### WHAT THIS TASK INVOLVES
Starting at the line that contains "9ft/12ft U Pillowcase", repeat each line of the listing below through the last one, exactly, and leave out every picture.

### DATASET CONTENT
--------------------------------

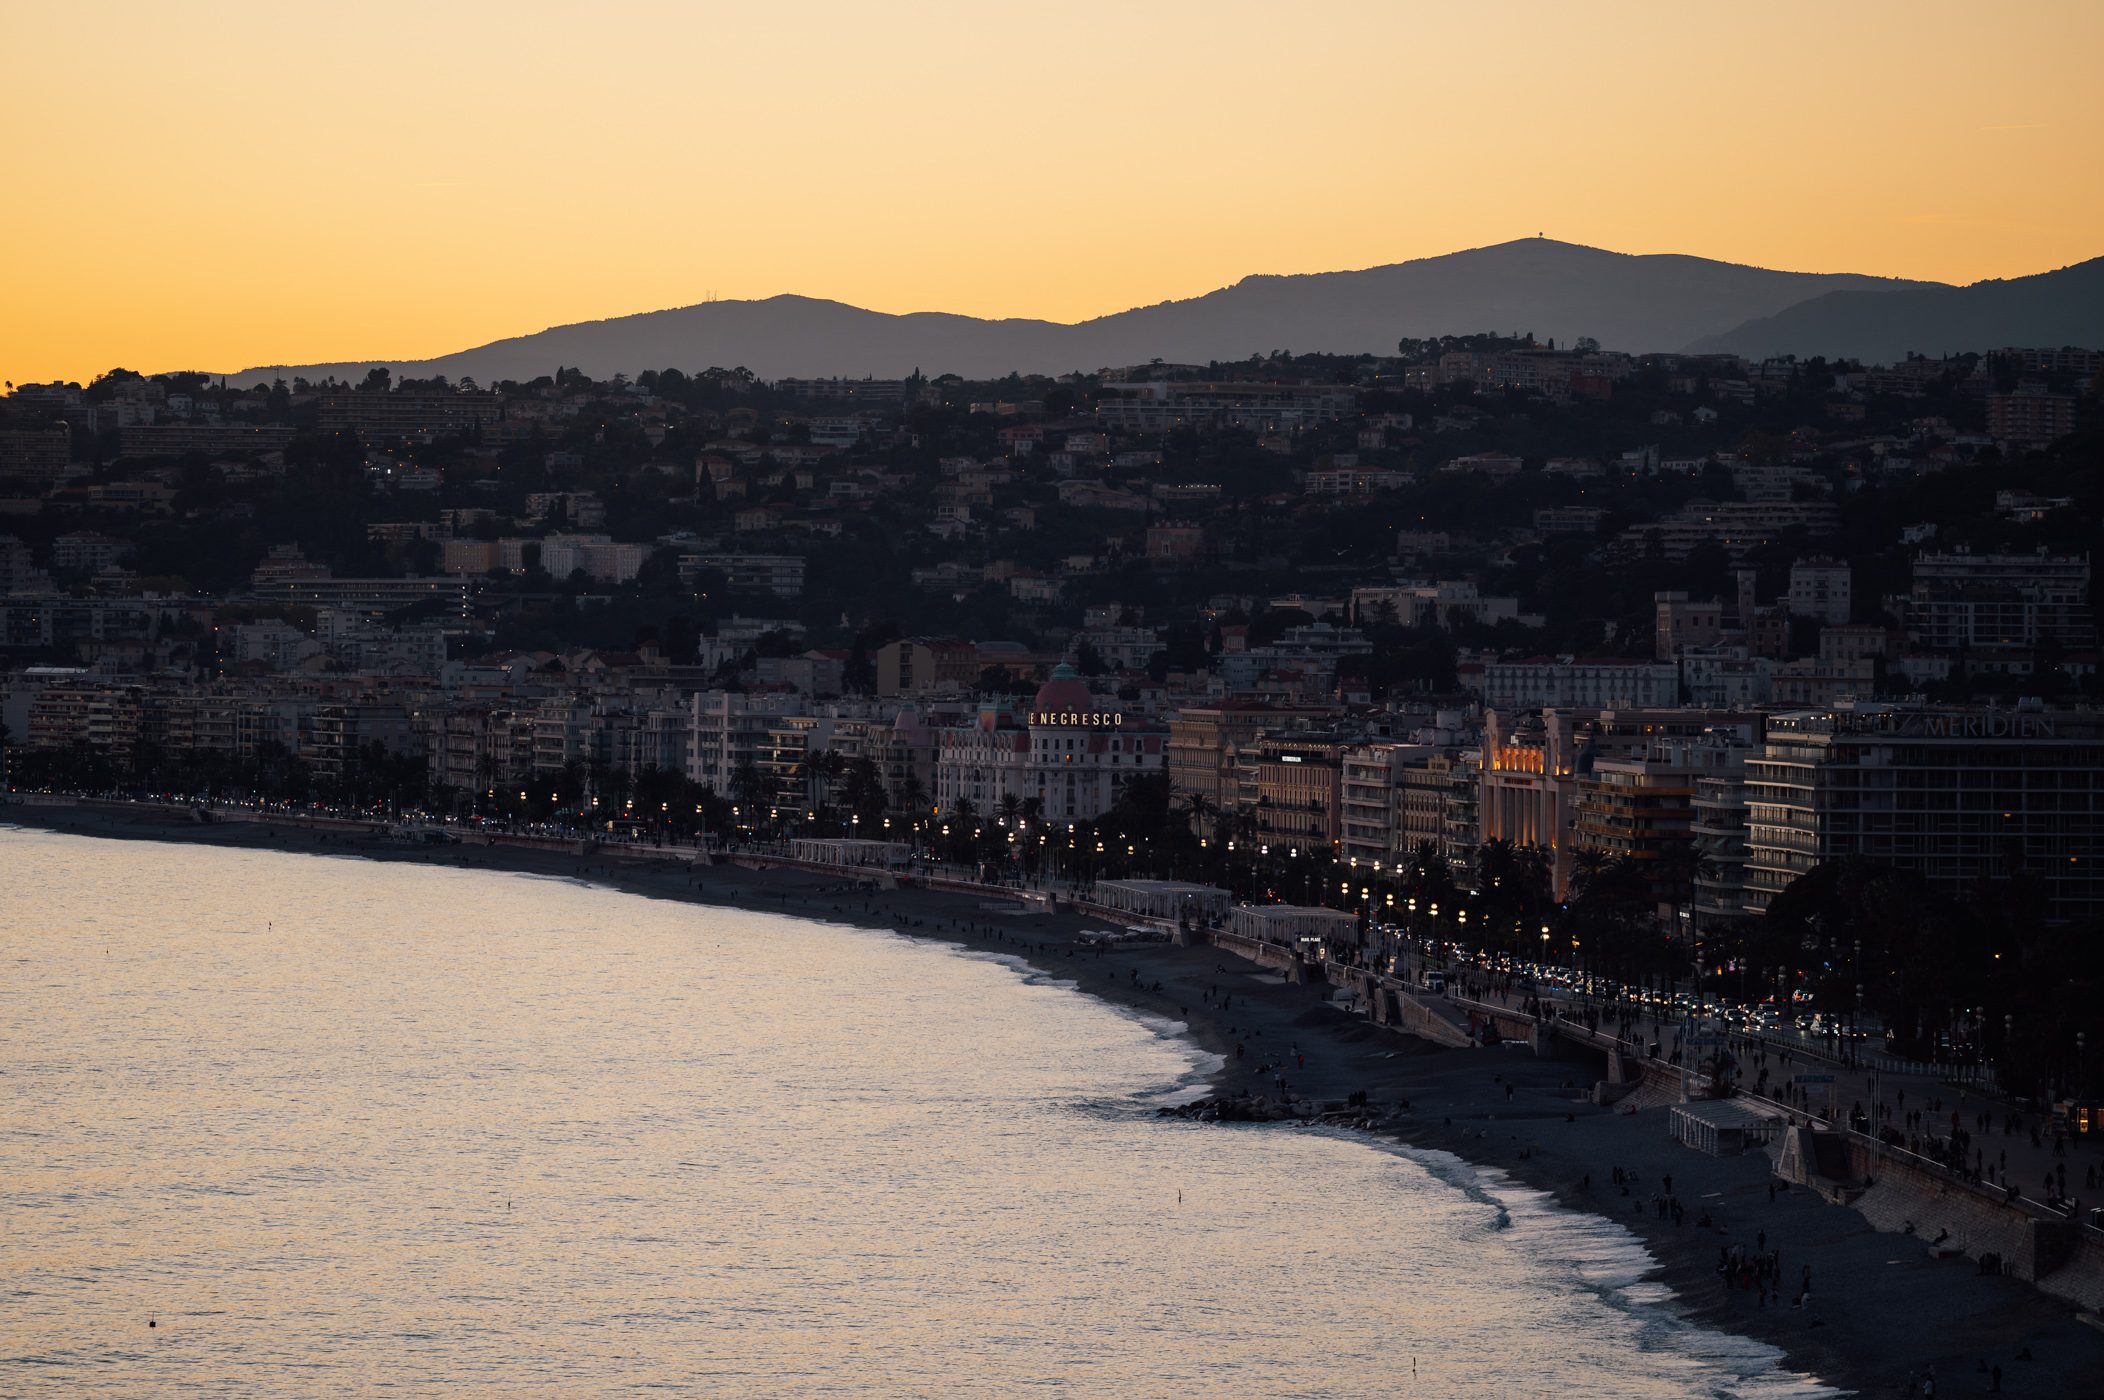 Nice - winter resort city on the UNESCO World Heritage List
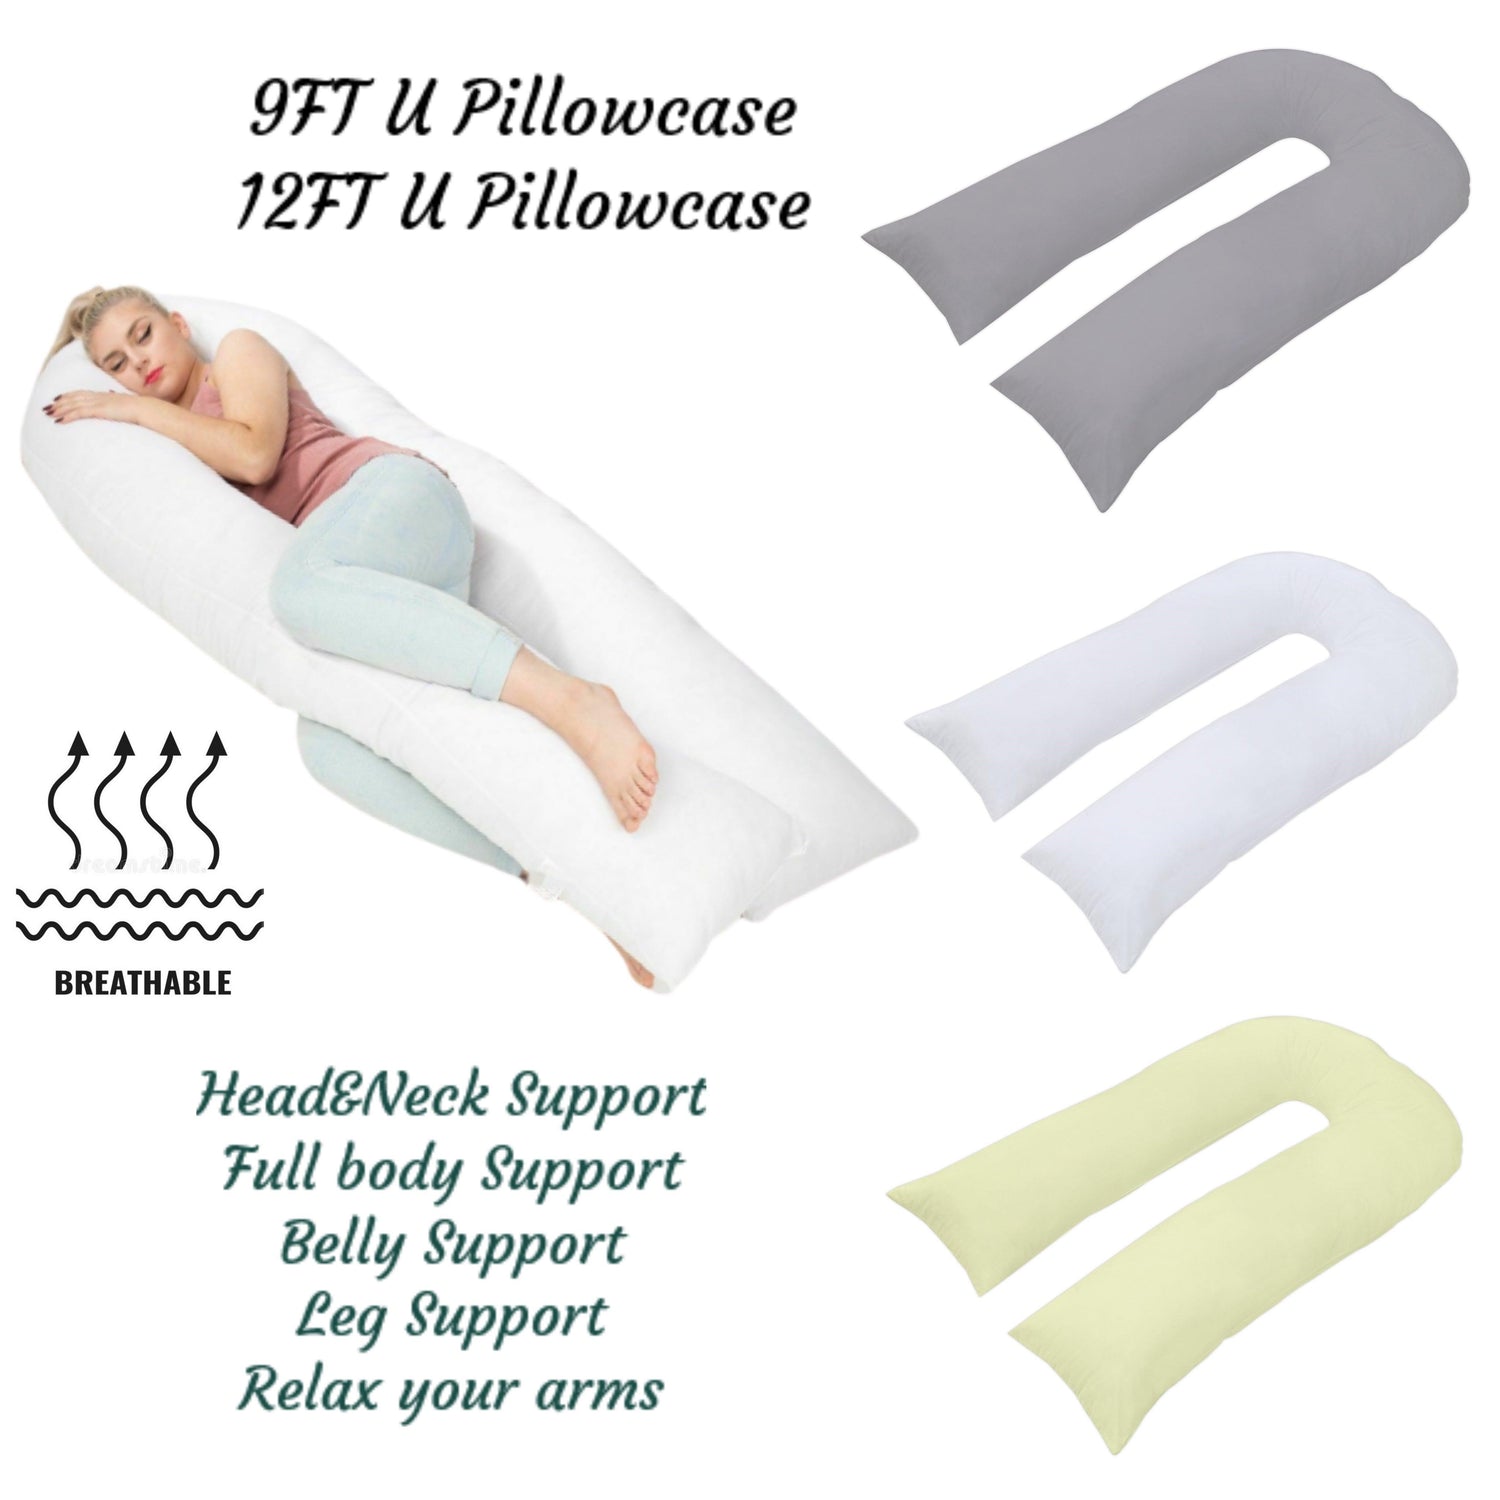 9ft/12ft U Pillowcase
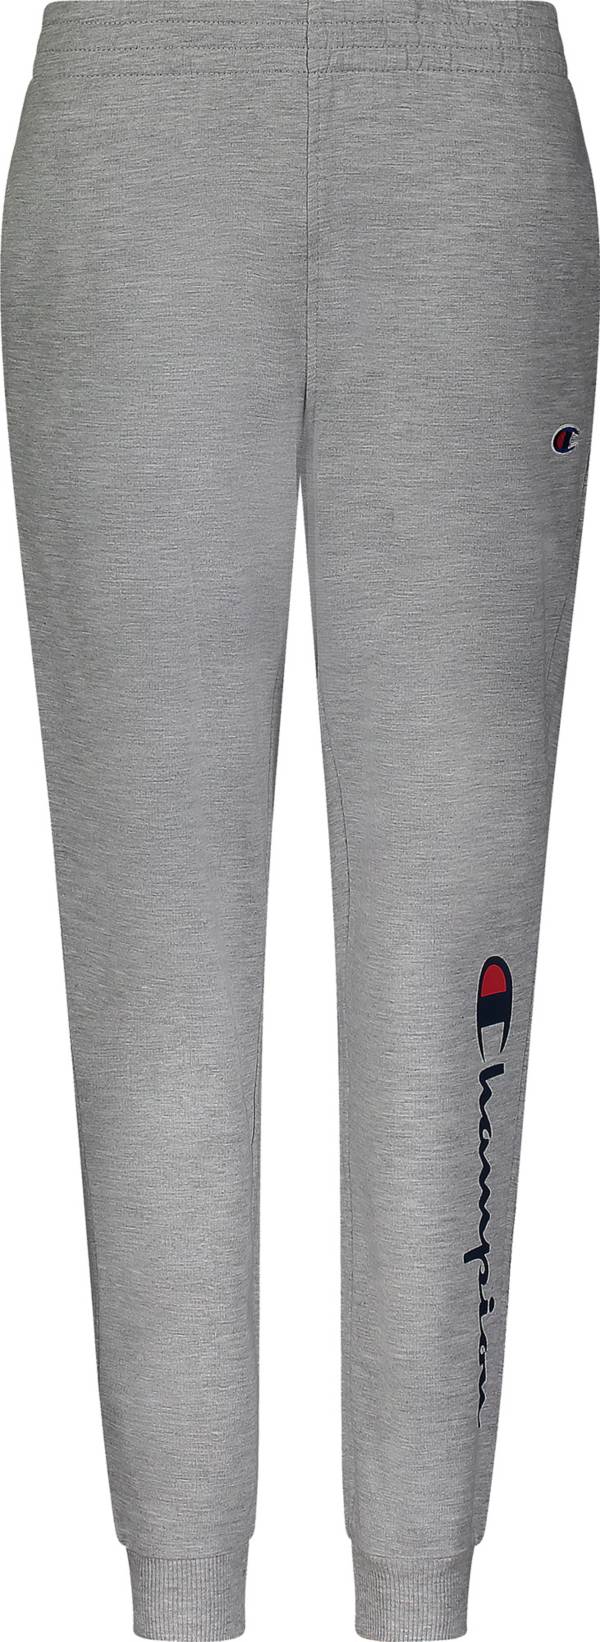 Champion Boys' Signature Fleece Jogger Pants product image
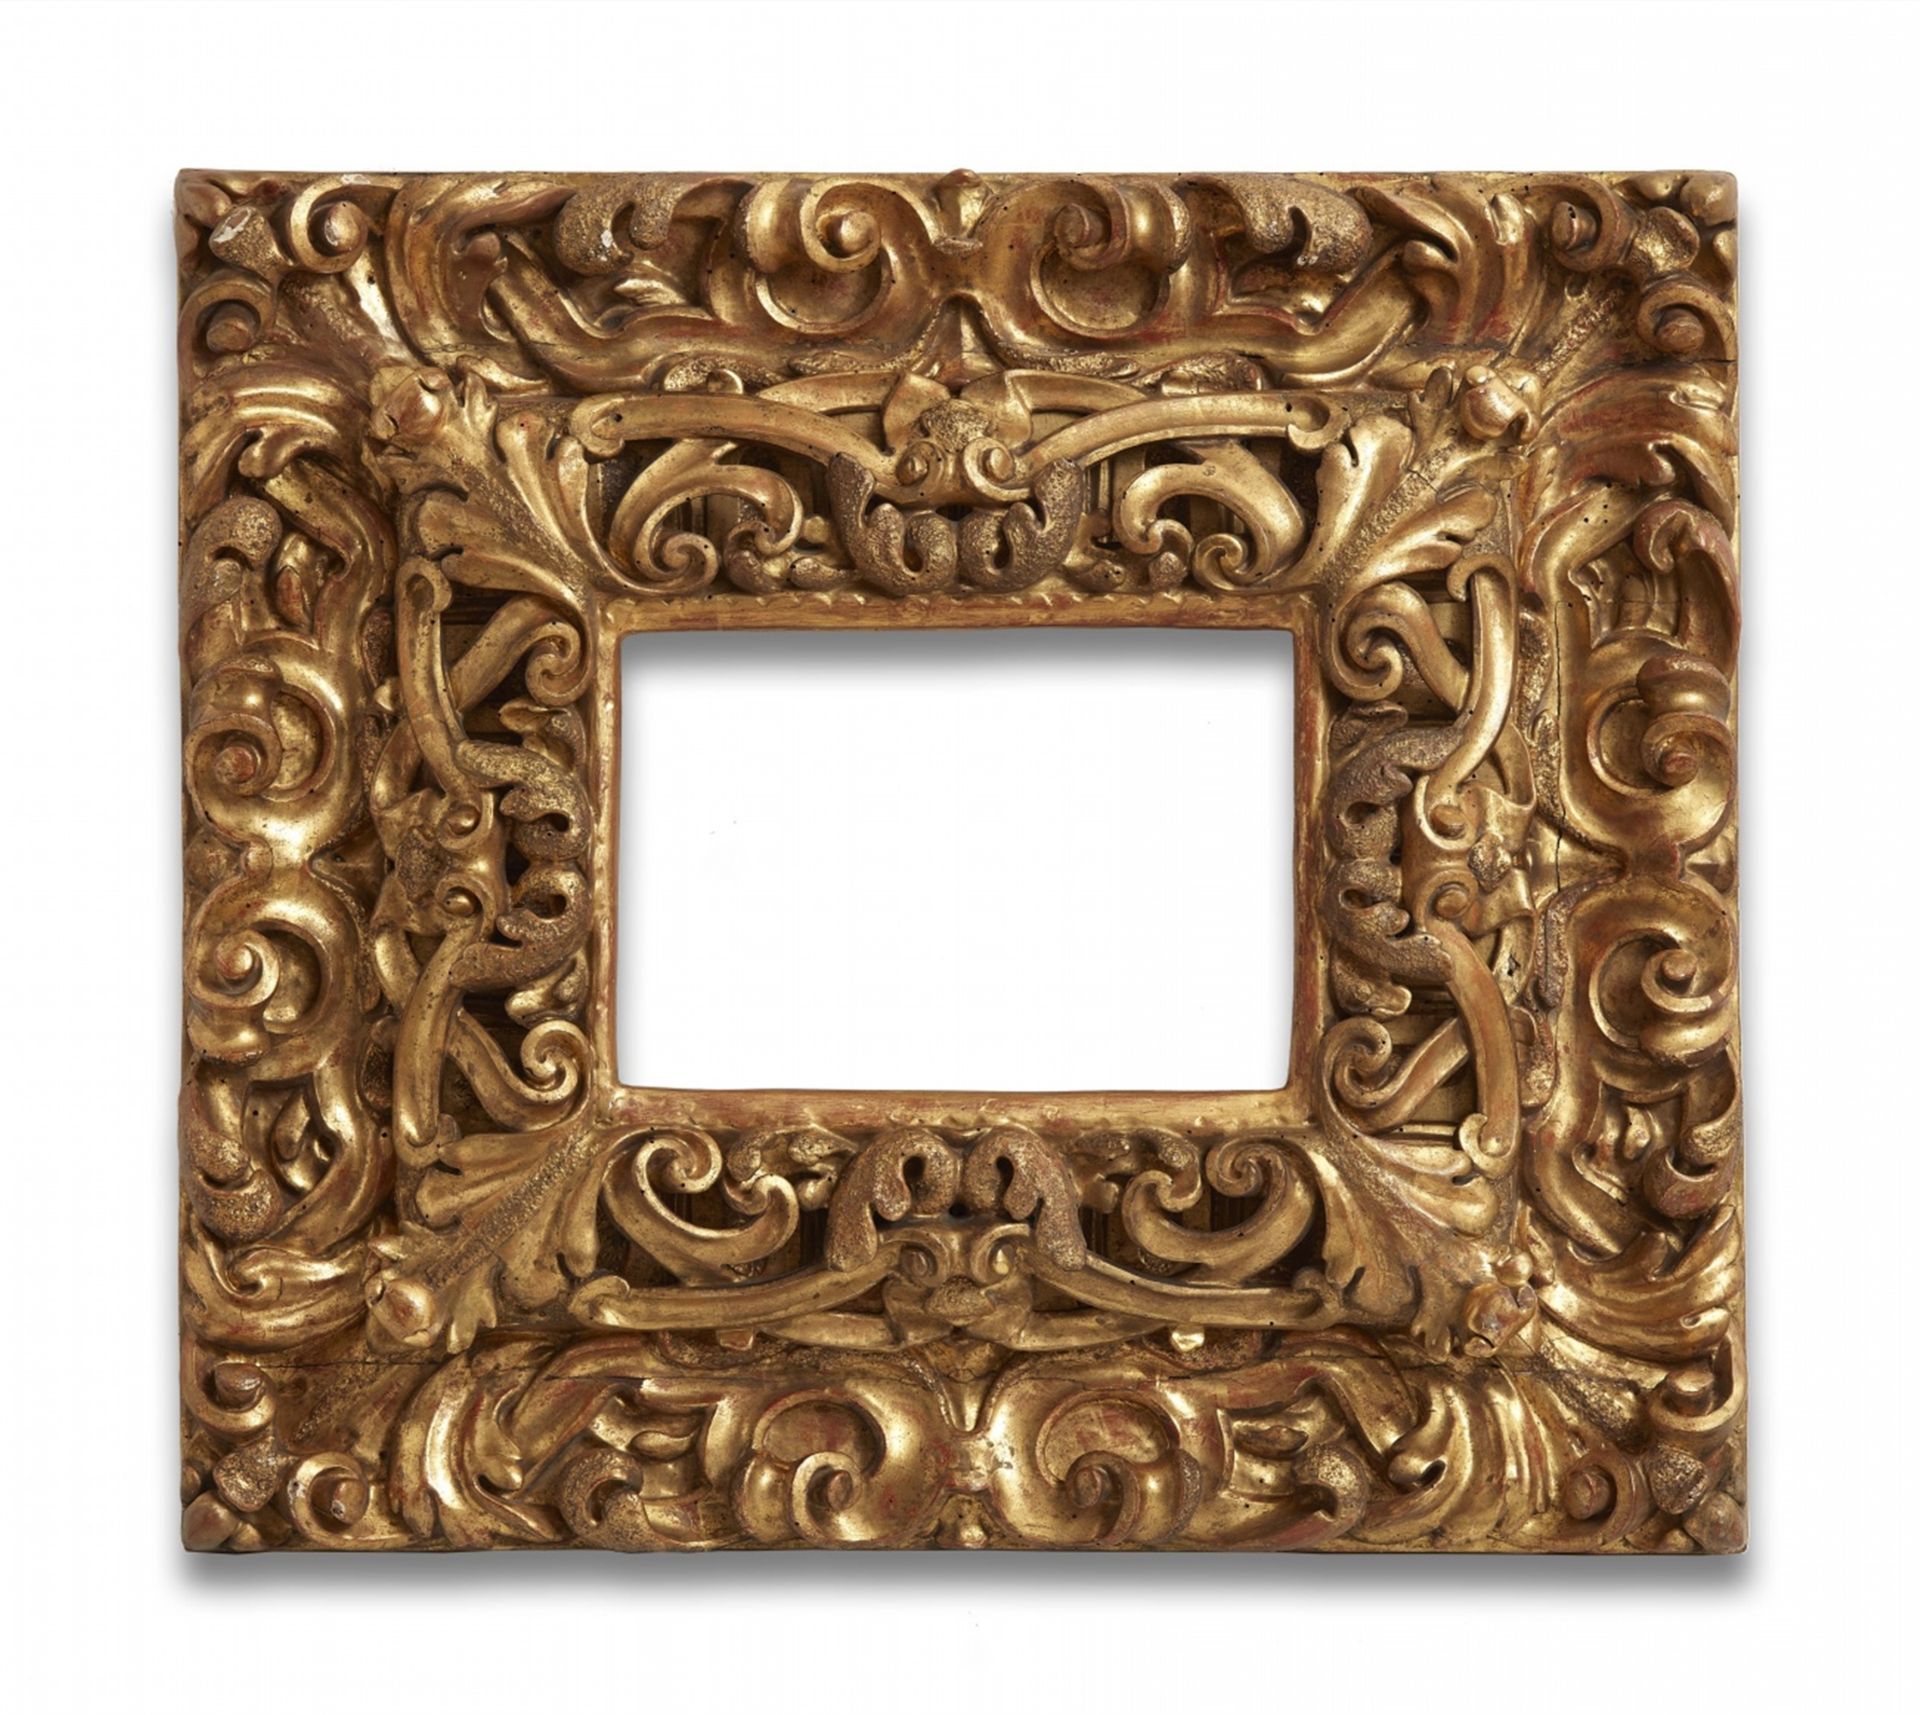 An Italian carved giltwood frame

--------------------------------

### EXERCISE OUTPUT
 9ft/12ft U Pillowcase
 Champion Boys' Signature Fleece Jogger Pants product image
 An Italian carved giltwood frame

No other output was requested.